What the exercise asks ▸ Among the entries below, only the lines from the one with "Waylon Jennings Men's" through the one with "Gambar Index Gambar" are wanted, reproduced exactly. Pictures are not wanted.

Exercise inputs ▸
▬▬▬▬▬▬▬▬▬▬
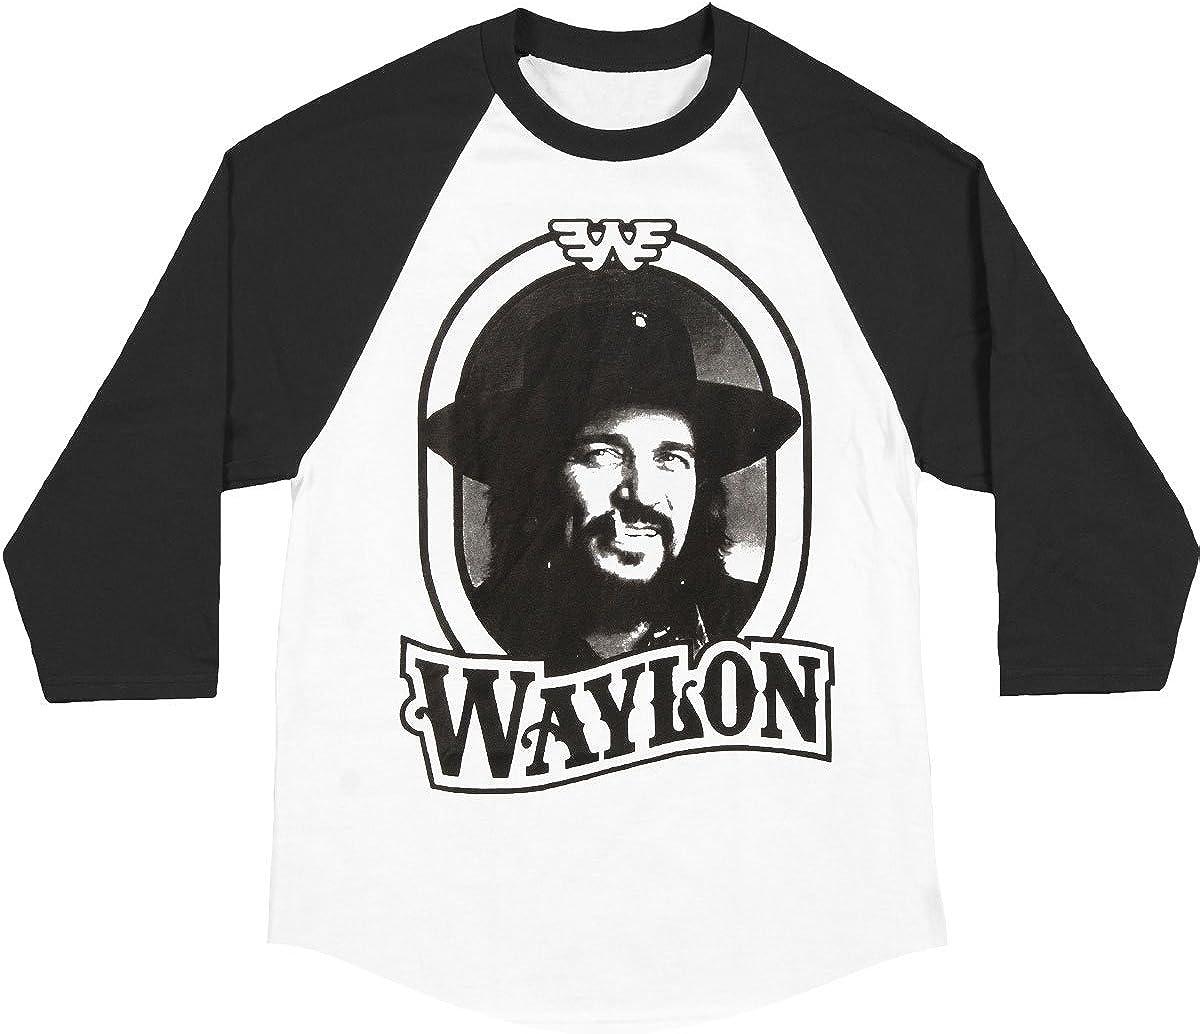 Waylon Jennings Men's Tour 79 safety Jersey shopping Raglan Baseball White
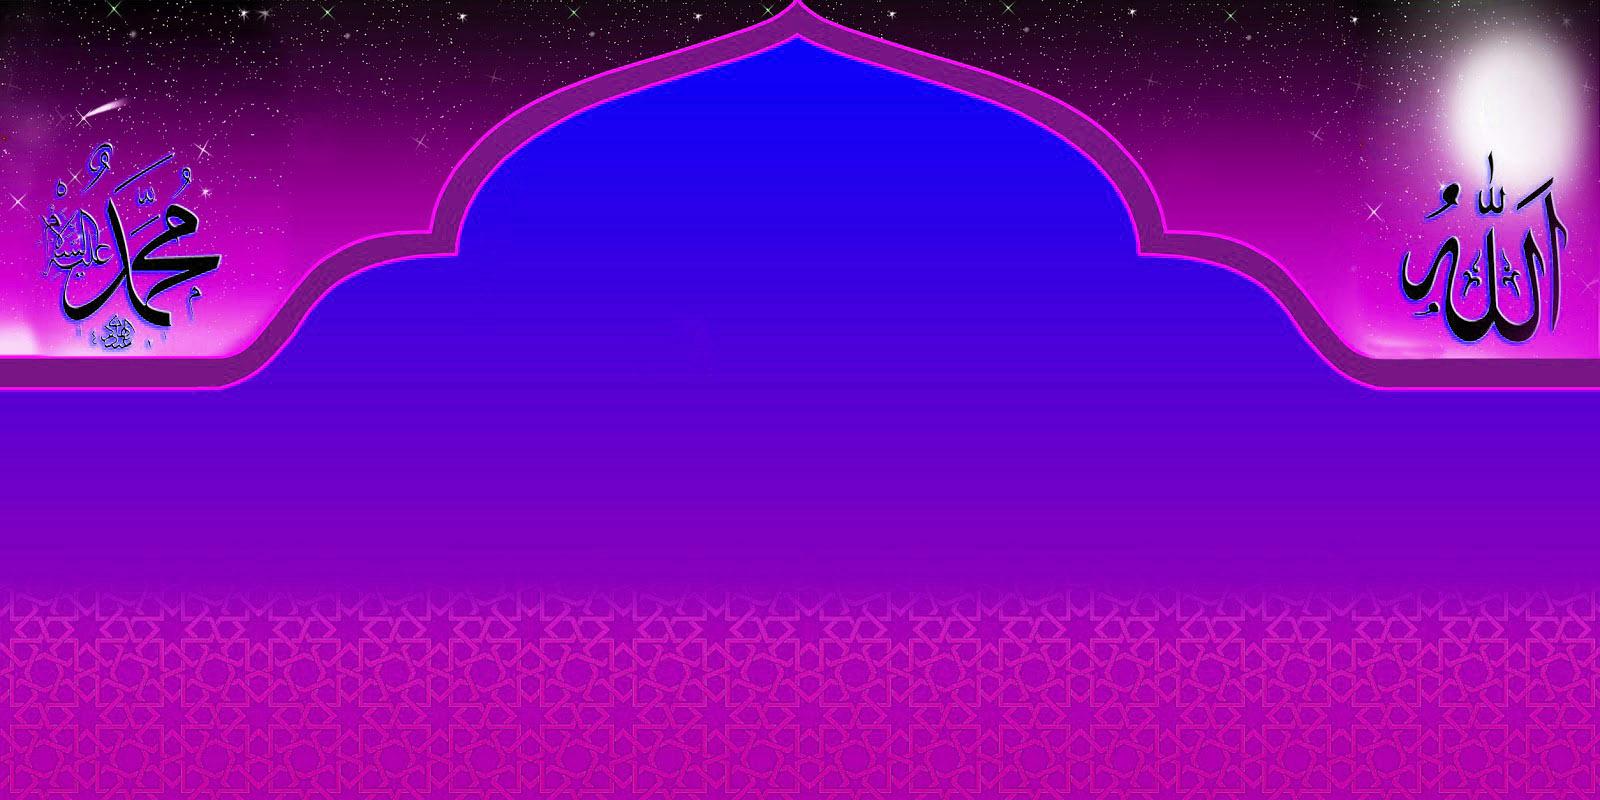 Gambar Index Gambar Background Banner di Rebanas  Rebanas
▬▬▬▬▬▬▬▬▬▬
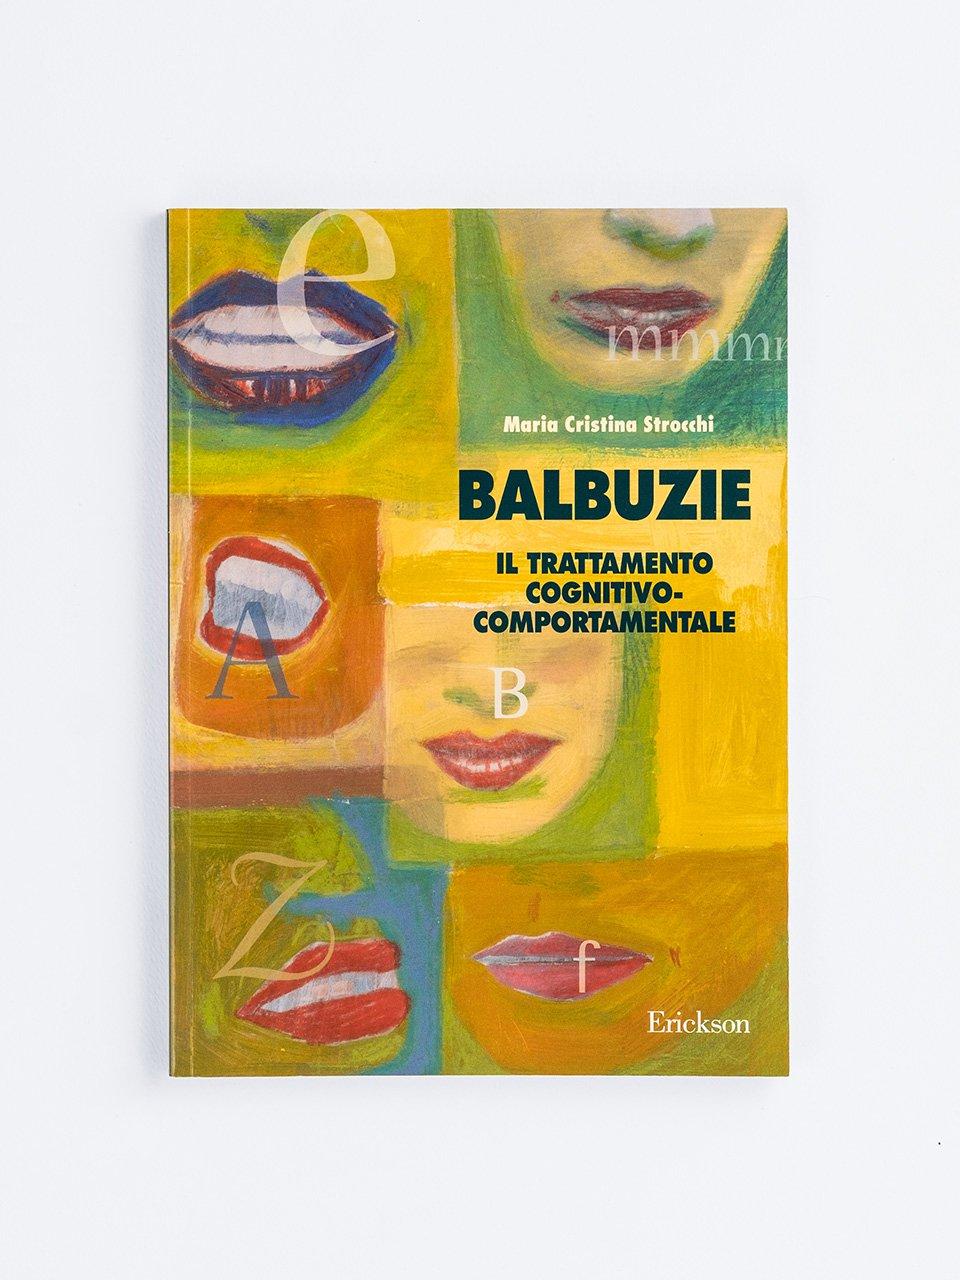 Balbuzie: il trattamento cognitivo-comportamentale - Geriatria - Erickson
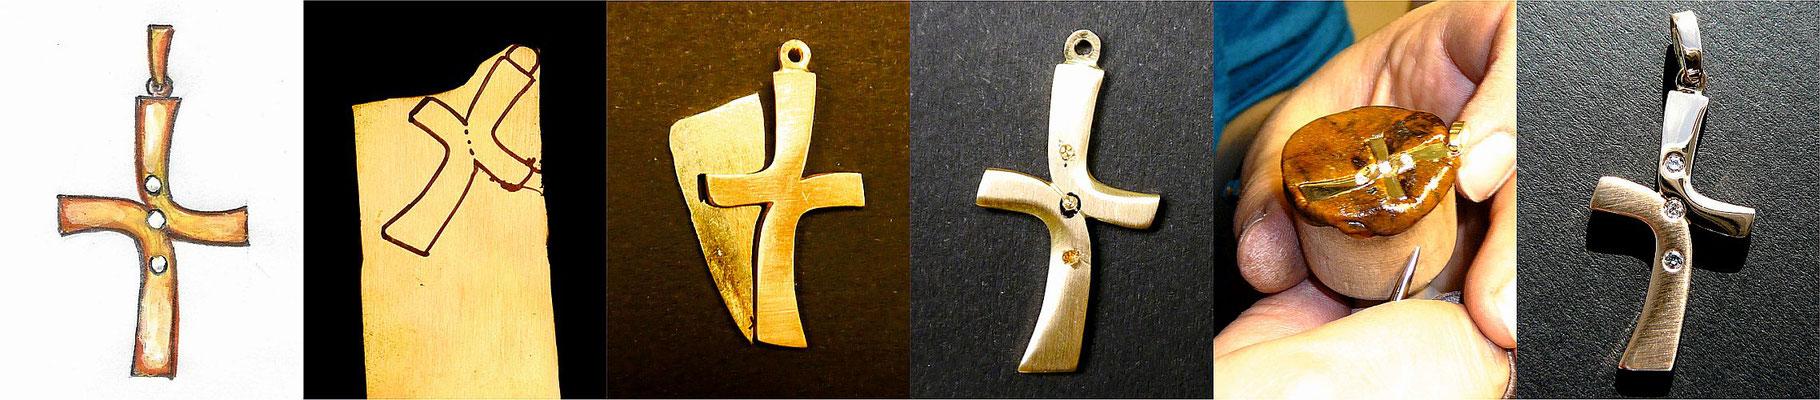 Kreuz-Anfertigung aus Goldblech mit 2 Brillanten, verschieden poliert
▬▬▬▬▬▬▬▬▬▬
Finished exercise ▸
 Waylon Jennings Men's Tour 79 safety Jersey shopping Raglan Baseball White
 Gambar Index Gambar Background Banner di Rebanas  Rebanas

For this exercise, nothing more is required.